Sonbaharda vazgeçilmez besin grupları: C vitamini, D vitamini, çinko, probiyotikler…

Sonbaharda vazgeçilmez besin grupları: C vitamini, D vitamini, çinko, probiyotikler…

Beslenme Uzmanı Sara Ayyıldız, sonbahar mevsimine geçiş yapıldığı bu dönemlerde bağışıklık sistemini güçlü tutmak için tüketilmesi gerekenler hakkında önemli açıklanmalarda bulunarak, " özellikle mikro besin öğeleri; C vitamini, D vitamini, çinko, berabe

Sonbahar mevsimine geçişle birlikte başta grip ve soğuk algınlığı olmak üzere birçok hastalık ortaya kendini göstermeye başladı.
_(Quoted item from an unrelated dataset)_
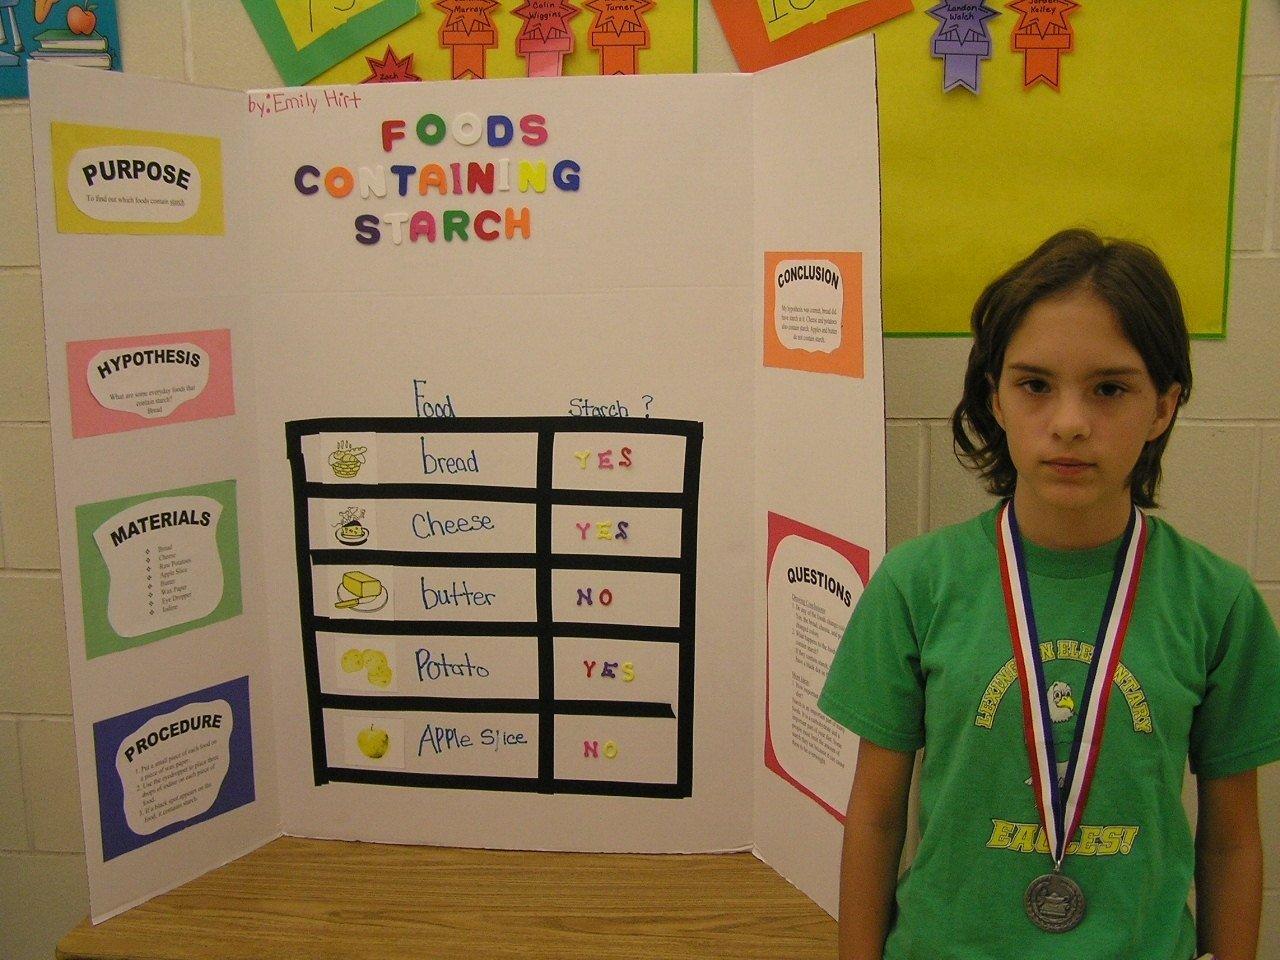 10 Nice Third Grade Science Fair Project Ideas science finally discovers my 3rd grade science fair project 7 2020

Mevsim geçişlerinde bağışıklığı güçlü tutmak için beslenme noktasında İLKHA'ya önemli değerlendirmelerde bulunan Beslenme Uzmanı Sara Ayyıldız, özellikle kış dönemine geçmeden önce yapının sağlam bir şekilde oluşturulması gerektiğini vurguladı.

Özellikle tüketilmesi gereken zengin besinlere yer veren Ayyıldız, C vitamini, D vitamini, çinko, probiyotikler, bitki çayları, su tüketimi, A vitamini ve beta karotelerin oldukça önem arz ettiğini kaydetti.

"Mikrolar, bu süreçte proteinlerden sonra gelen en önemli besin öğeleridir"

Bağışıklık sisteminin korunması için yapılması gerekenlere dikkat çeken Ayyıldız, "Sonbahar bizim için çok riskli bir mevsim. Bunun için özellikle daha kış dönemine geçmeden önce bu yapıyı sağlam bir şekilde oluşturmamız lazım. Makro ve mikro besin grupları dediğimiz besin öğelerini mutlaka almamız lazım. Makrodan kastımız protein yağ ve karbonhidratlar beraberinde mikro dediğimiz vitamin ve mineraller… Protein, karbonhidrat ve yağları gün bazında eşit miktarda doğru oranlarda alınırsa bu, özellikle proteinlerde çok daha bağışıklık sistemini yani kas sistemini koruyacağı için sağlıklı olacaktır. Ancak mikrolar, bu süreçte proteinlerden sonra gelen en önemli besin öğeleridir." şeklinde ifade etti.

"Vitamin ve mineral kaybı olmaması için besinler aşırı bir şekilde pişirilmemelidir"

Artan grip ve soğuk algınlıklarına karşı yapılması gerekenlere dikkat çeken Ayyıldız, "Grip vakalarına karşı özellikle mikro besin öğeleri; C vitamini D vitamini, çinko, beraberinde probiyotikler, bitki çayları, su tüketimi, A vitamini ve beta karoteler bunlar bizim için çok önemli. Keza hem bizi soğuk algınlığına karşı başlığımızı korumakta, bununla beraber vücuttan toksinlerimiz atılmakta ve böylelikle vücut direncimizi daha da sağlamlaştırmamıza yardımcı olmaktadırlar. Bunları hangi besinlerden alacağız diye insanlar merak edecektir. A vitamini ve beta karoteni genel itibariyle havuç, tatlı patates beraberinde kabak ve ıspanaktan sağlayabiliriz. Besinleri çok aşırı bir şekilde pişirilmesinde vitamin ve mineral kaybı olmaması adına önermekteyiz." ifadelerini aktardı.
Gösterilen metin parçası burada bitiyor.